La realidad es que la
humanidad, tal como la conocemos hoy, es muy joven, en un mundo de millones de
años, 50 o 100.000 años son pocos, y, no hace falta ir tan atrás en el tiempo…
Por eso, el comportamiento, a veces es de niños y no de adultos racionales y
evolucionados…
La otra realidad, es que
sí, que hemos aprendido poco, muy poco… y, sobre todo aprendimos y continuaremos
aprendiendo poco, porque ignoramos el pasado, somos analfabetos históricos… ¡no
conocemos ni la historia de nuestros pequeños pueblos!
Y, desconocemos la
historia, porque no nos interesa demasiado, y, además porque hay mucha gente
interesada en que seamos ignorantes y analfabetos funcionales… la educación y
el conocimiento verdadero, profundo y reflexivo le interesa a muy poca gente…

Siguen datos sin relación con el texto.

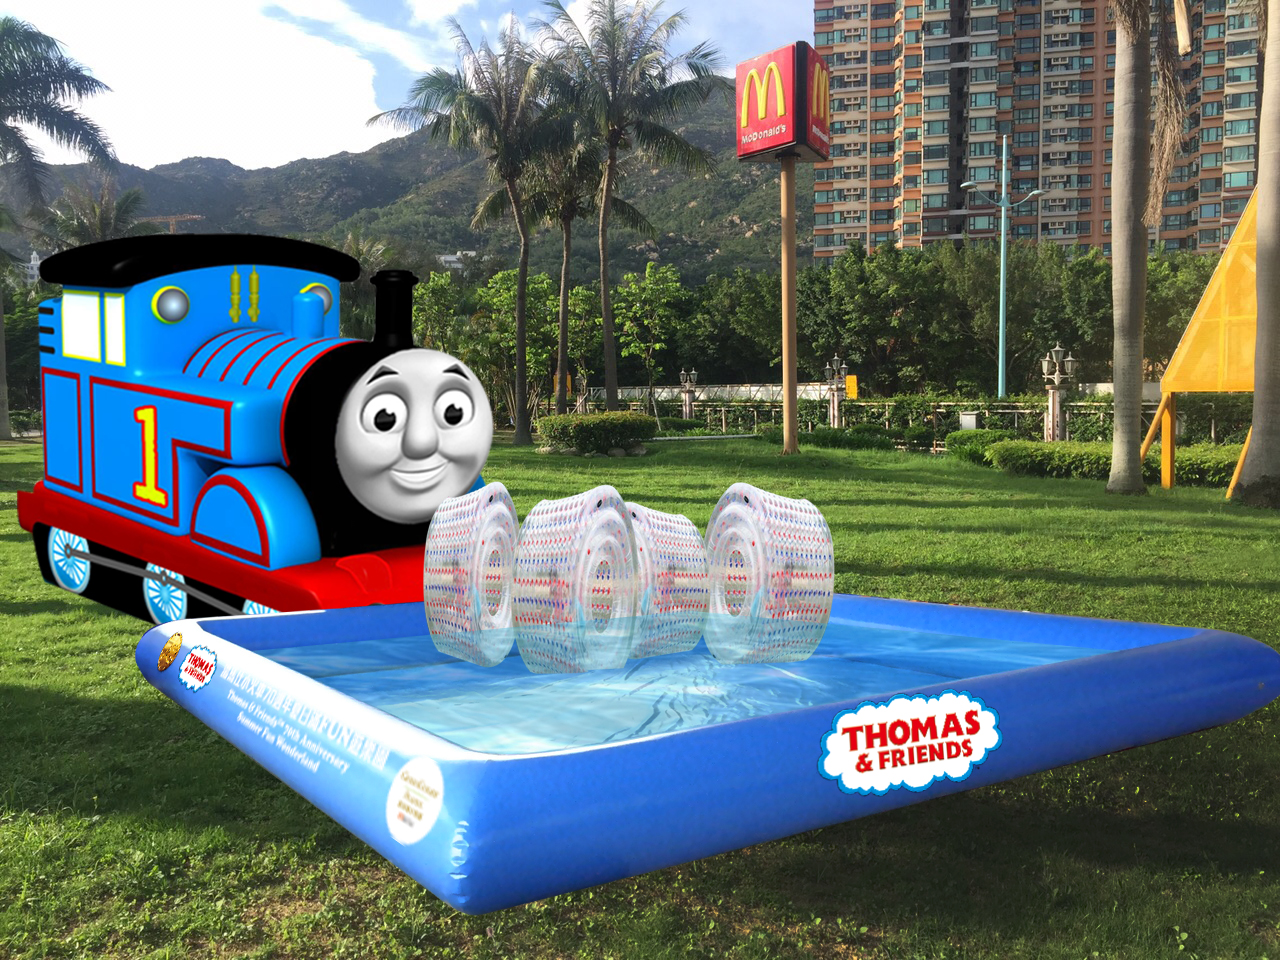 「夏日滿FUN遊樂園」特設全港最長20米Thomas & Friends主題充氣水池，池中放置大長型飄卷，可讓家長及小朋友一同入內跳躍奔馳大玩水上飄

lo más fácil, lo más cómodo es la banalidad…
En el mundo desarrollado,
porque el consumismo, que no el consumo, se ha convertido en el dios rutinario,
y a pesar del mayor desarrollo y bienestar de la historia, nos abotargamos y
conformamos con aquello que nos dicen… Jamás, ha habido tantas posibilidades de
aprender, de conocer, de enriquecimiento cultural y científico y humanista… sin
embargo, la evolución ha sido y sigue siendo muy lenta… y, de tanto en tanto,
surge una crisis –antes era una guerra- para “poner las cosas en su sitio”; una
crisis económica, una crisis financiera, una crisis política… o todas a la vez…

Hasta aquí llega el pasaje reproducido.